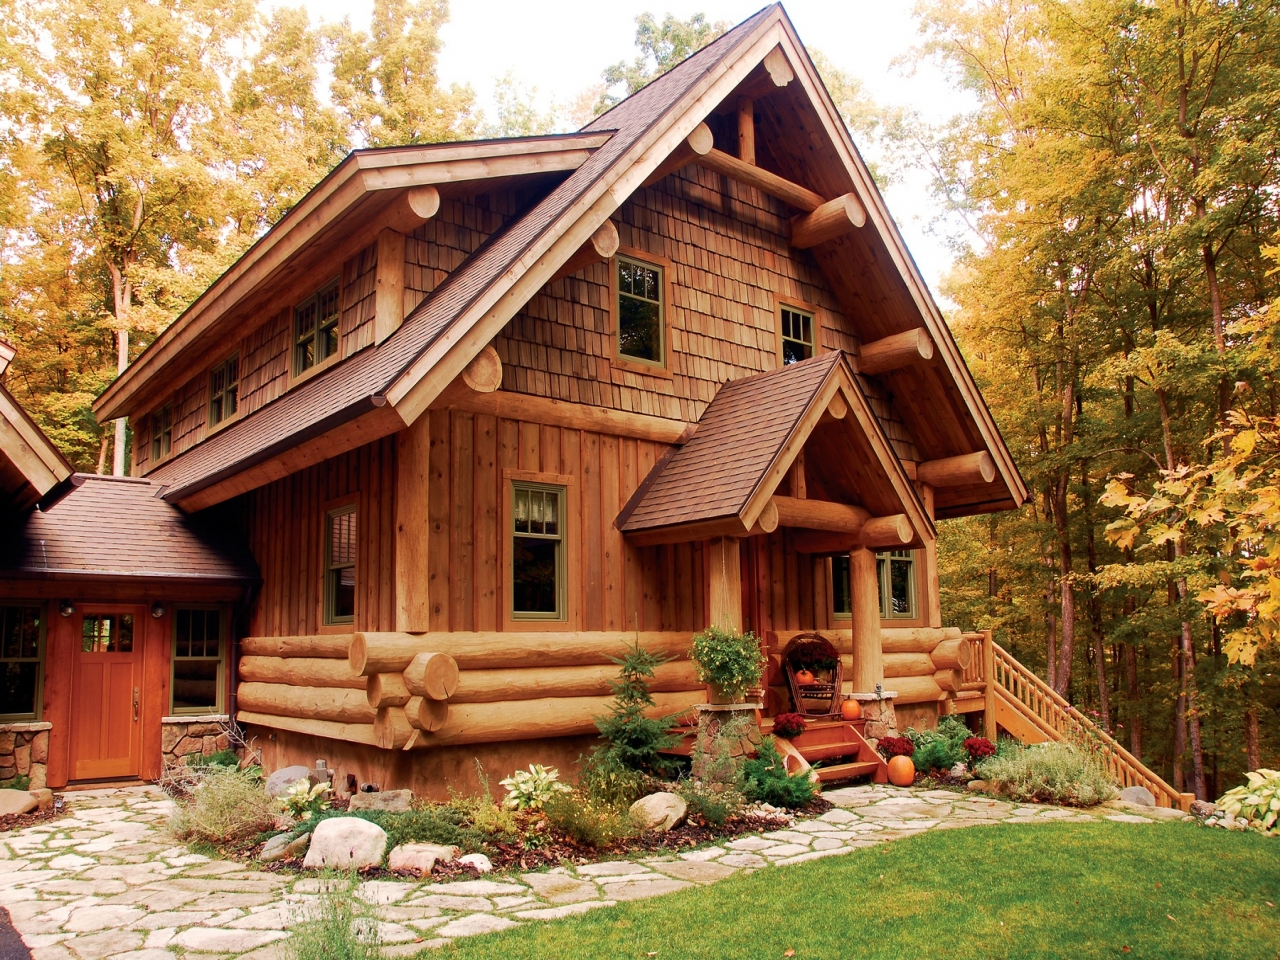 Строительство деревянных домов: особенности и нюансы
==
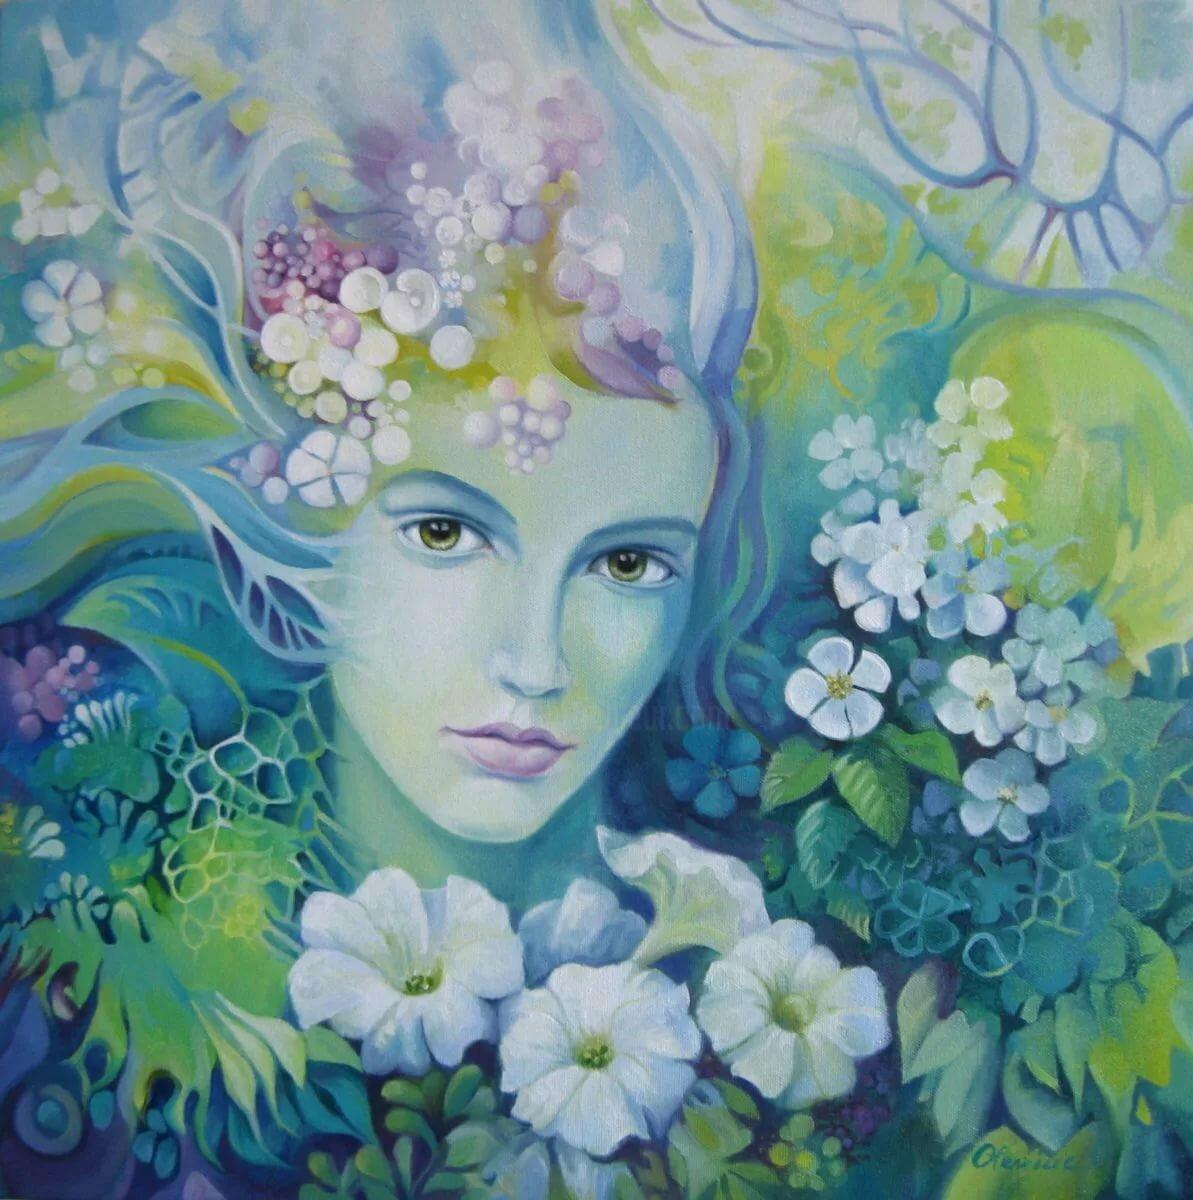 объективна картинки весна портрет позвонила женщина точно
...
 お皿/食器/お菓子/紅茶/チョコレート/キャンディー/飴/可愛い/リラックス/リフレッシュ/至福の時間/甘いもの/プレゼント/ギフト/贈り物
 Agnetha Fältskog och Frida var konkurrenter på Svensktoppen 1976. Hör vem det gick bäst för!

§ **YOUR ASSIGNMENT**:
Copy the entries above exactly, but only from the line holding "お皿/食器/お菓子/紅茶/チ" through the line holding "Agnetha Fältskog och", both included.

§ **EXERCISE ANSWER**:
 お皿/食器/お菓子/紅茶/チョコレート/キャンディー/飴/可愛い/リラックス/リフレッシュ/至福の時間/甘いもの/プレゼント/ギフト/贈り物
 Agnetha Fältskog och Frida var konkurrenter på Svensktoppen 1976. Hör vem det gick bäst för!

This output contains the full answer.